This isn’t what they wanted. To be tied together to even function, for the duration of… well, however long Ash will live. Which is getting awkward pretty fast, honestly.

They’re sitting on the steps of what used to be Sal’s home, with Todd and… Neil. Their last remaining friend is inside, wandering the house with a sort of stricken despair that neither Sal nor Ash is up to dealing with right now. The rest of Nockfell around them is as equally haunted and desolate feeling as the building to their back.

The tally is still going up, on the news. Entire countries are nowhere near done taking a count of people who died in the almost-apocalypse. The last update on the toll was accompanied by footage of shadow monsters, still rampaging across the earth even without the cult’s direction. Sal and Ash reached to turn it off together. They crushed the remote doing so.

It’s been a hellish few days, trying to drag themselves into something resembling ‘living’. It doesn’t feel worth it to- that much Sal and Ash agree on, and they don’t have to ask Todd how he feels. Nockfell was the epicenter of the entire doomsday plot; it makes sense that its inhabitants were hit hardest.

There’s just… nothing left, after it all. Not for them. Not for anyone in this god forsaken town.

“ _Ash?”_ Sal asks, threading tendrils closer to her heart, feeling it’s beat.

“Yeah, Sal?” she replies, subdued.

“… _This doesn’t feel like we won,”_ he confesses.

Ash laughs humorlessly. “Not really, no. Got any ideas on how to fix that?”

Sal doesn’t have lungs to sigh with, but the impression gets across in Ash’s mind. “ _Not really, no,”_ he echoes her.

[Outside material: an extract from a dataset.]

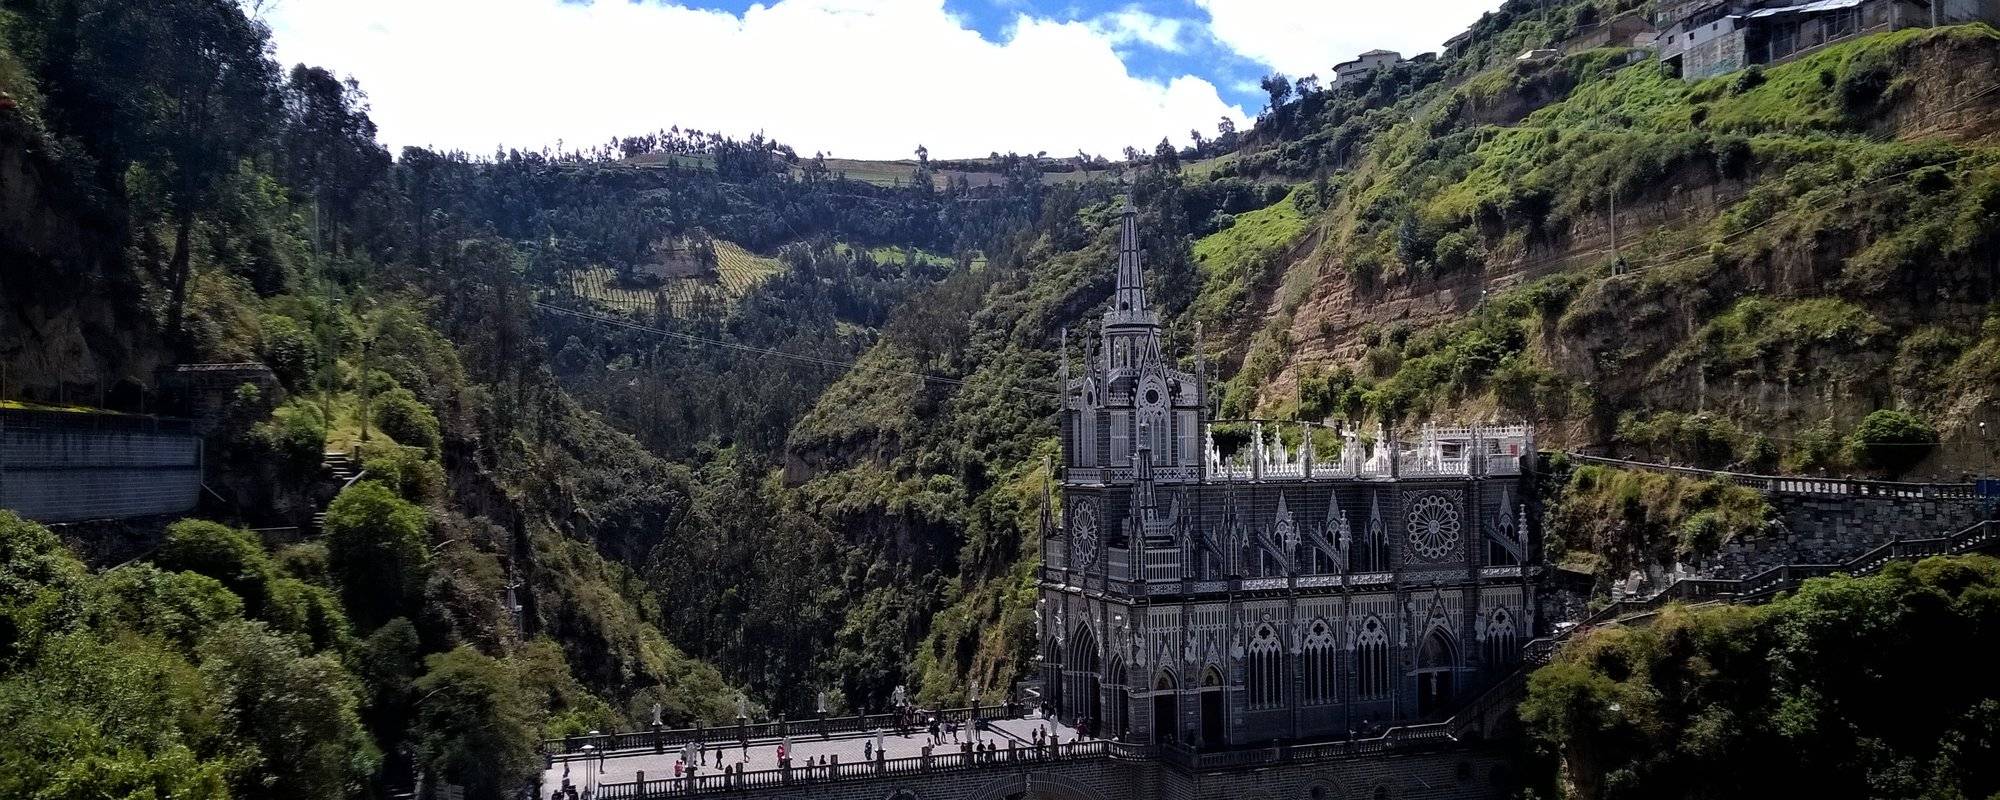 Las Lajas sanctuary in Colombia

The sun is dipping close to the horizon, now. Clouds are gathering over its sunset, threatening a rainstorm. The shadows have grown deeper by the hour, inching over what remains of Nockfell and bringing with them fresh threats.

“ _You ate today, right?”_ Sal asks, as Ash stands up and stretches.

“Mm,” is her noncommittal reply. Ash hasn’t felt hungry since before things started going to pieces; if she’s taking advantage of Sal having lost touch with what having a body is like, well. It’s not the worst thing she’s done recently.

A blot of darkness slithers over the pavement as they exit the gate. Ash flexes her fingers- Sal’s energy crackles under and along her skin. The bones in her heavily scarred arm creak and grind, unnatural for what they’ve done to them.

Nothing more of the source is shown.